You Must (Memorize) This: Ctrl + Alt + Delete
This is a classic video essay from Harry Brewis (otherwise known as HBomberguy) about why bad art exists. Here, he looks into a shoddy webcomic called Ctrl Alt Delete, and its most famous panel Loss, which has been memed on the Internet since its publication in 2008. This is also aligned with Tommy Wiseau’s The Room, whose badness overshadows the authenticity of its story. It’s a bit of a stretch for me, but the rationale for Brewis’s thesis is a solid one. Bad art comes from a culture that can be dismissed through easy targets, while good art can be susceptible to the same problems and the cycle continues. Harry’s politics are suspect (he’s part of the Breadtube movement after all) and there are skits here that are a bit indulgent in the creator’s vision.
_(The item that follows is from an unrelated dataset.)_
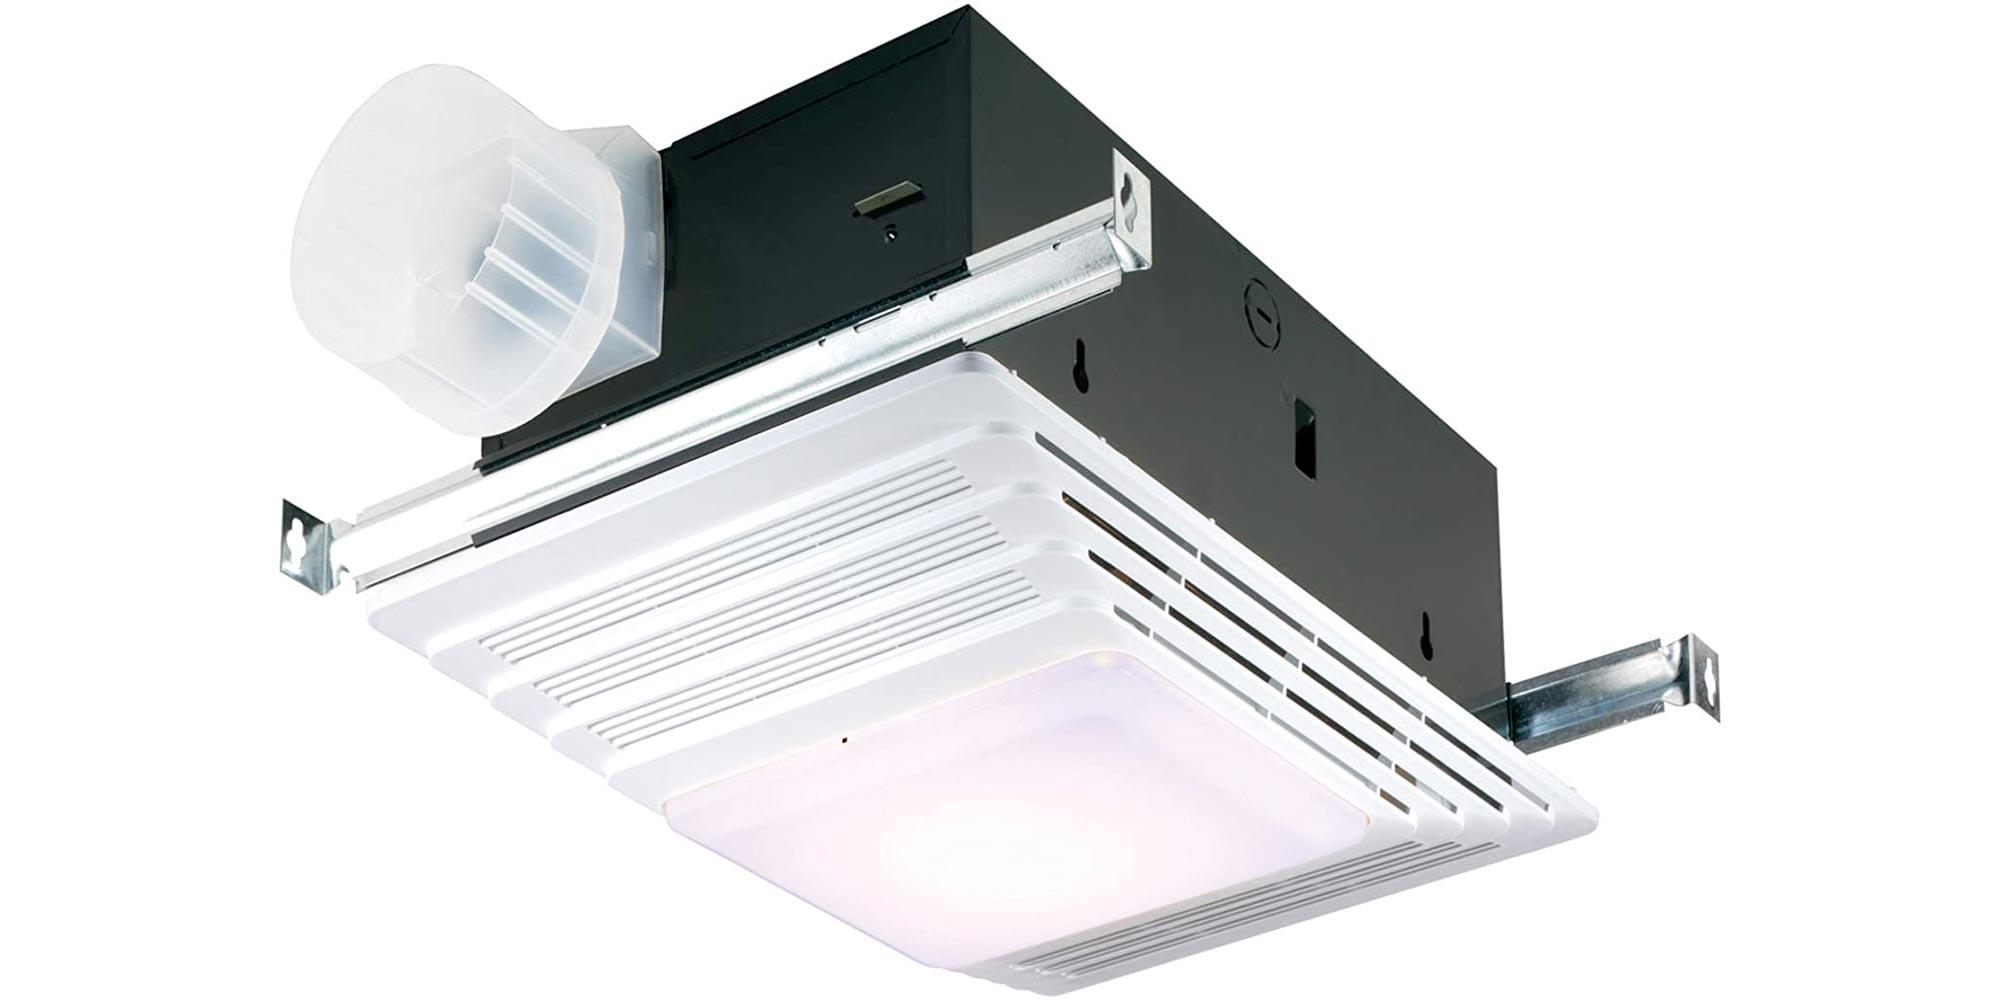 Broan Nutone S Bath Fan Also Packs A Light 1300w Heater For Under 63 Reg 109 9to5toys

But I can’t lie that when he does videos like this, it justifies whatever his talents are and I can put my differences aside to appreciate that art is still art, no matter the quality.
The Kino Around The Corner: A Face in The Crowd
What I find fascinating about A Face in the Crowd isn’t just Andy Griffith’s bravura performance as Larry ‘Lonesome’ Rhodes, or that his character tells a brutal truth about corporate media relying on someone to sell their own products that warps said, person. But look at the contrast between Griffith and Patricia Neal as Marcia Jeffries, a radio journalist who initially interviewed him before he broke out. Rhodes is charismatic and entertaining. Marcia is calm and nuanced and she was happy for the star to burst out before fame reshaped his head. This is a nuance that I felt was kinda missed by Elia Kazan, a satire that could blame both Rhodes’ behaviour and the corporate hands perpetrating the low state of its medium, but where is the accountability for Marcia Jeffries, who seems to let the devil out of the cage. Nevertheless, A Face in the Crowd is a fascinating character study of how our empathy to the most ordinary person in the world meets its limits, once they have their fifteen minutes of fame. A worthy predecessor of Network’s Howard Beale and Nightcrawler’s Lou Bloom, Kazan also delivers some of the greatest endings I’ve seen in Hollywood cinema.